F1 technical director Pat Symonds believes that Formula 1 should use technology in decision-making processes.
Pat Symonds believes that simulators are helping F1 get away from 'knee jerk' reactions when it comes to rule changes.
“Things are very fundamentally different in F1 now. When we make changes they’ve got to be based on evidence,” Symonds said to crash.net.
“We do want to make our decisions based on evidence and sometimes that’s quite difficult. Looking at the grid layout, in the ‘60s, there were a lot of cars side by side and over the years we’ve moved to this eight metre staggered grid formation.
“We ask ourselves the question, what would happen if we move the cars closer together and have them side-by-side again, maybe two by two. Would we get a more exciting first lap with closer racing or would we just get more accidents?

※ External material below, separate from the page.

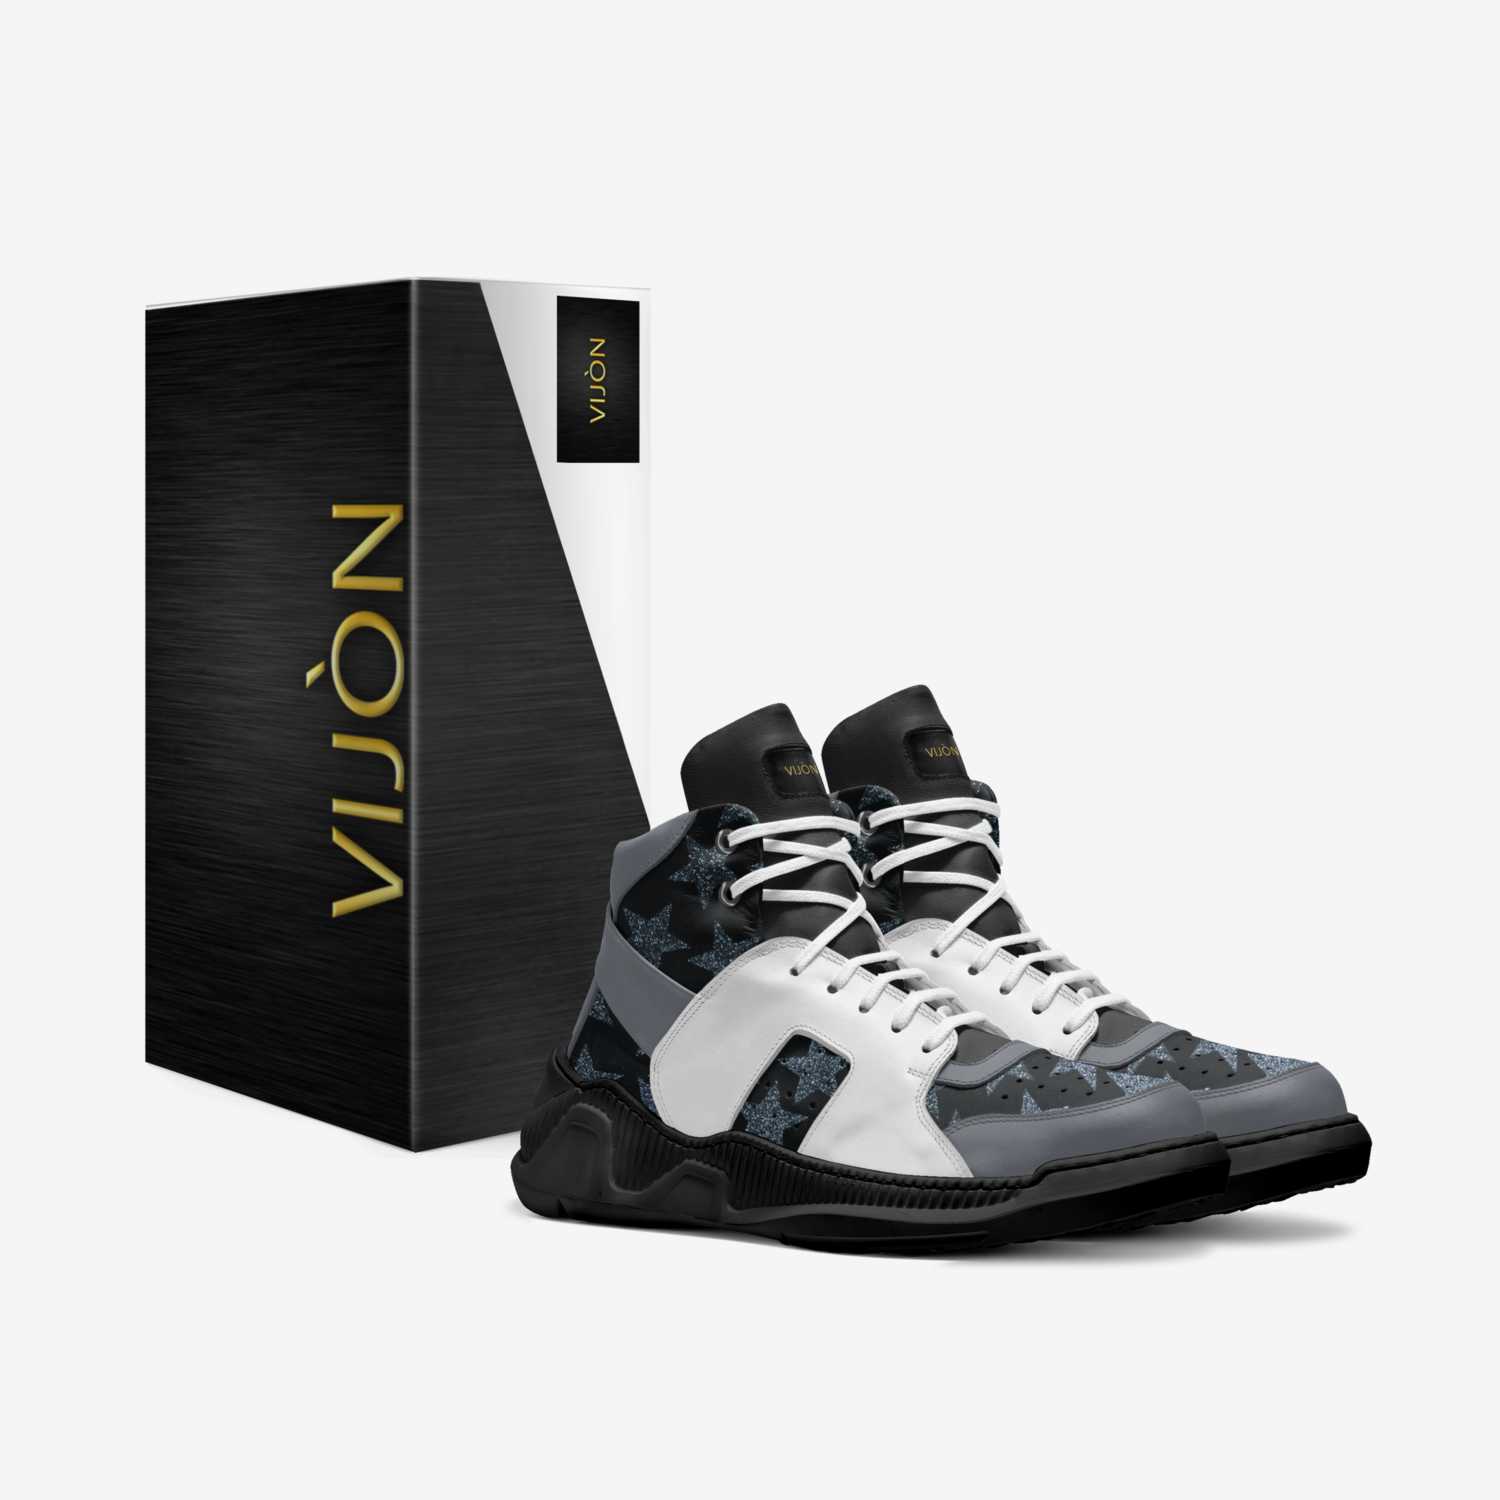 VIJÒN custom made in Italy shoes by Josiah Lee | Box view
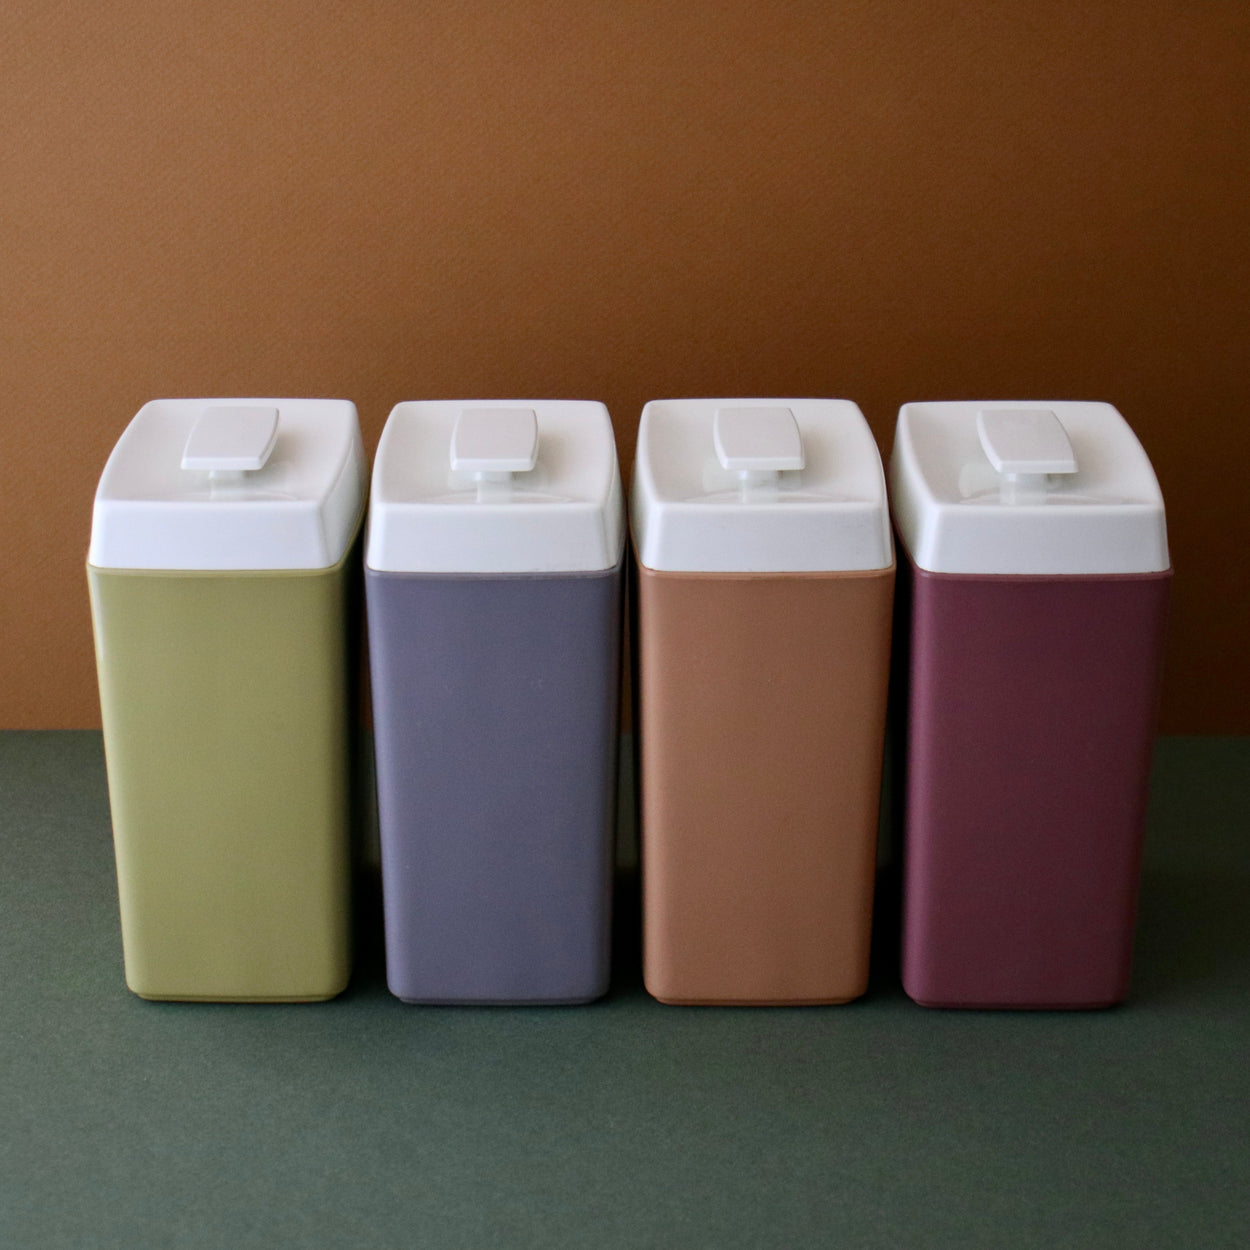 Vintage set of 4 Nylex Kitchen canisters against a brown and green backdrop.

“When you want to simulate something like that for a physics problem, you get a trivial answer. If you start cars closer together and they accelerate at the same rate, they arrive at the first corner together, that’s not what you want to know.
“What we want to know is what’s going to happen, so we build a simulation to use as artificial intelligence but so we can also put a human in. So we can actually have 19 AI cars racing one human and then we can start to run say 50 races.
“We can say ‘OK when we did this to the grid, we got three per cent more accidents, we got five per cent more passes, we got 20 per cent more side-by-side action.’”
It is clear to see the benefit of using technology in order to make more educated decisions.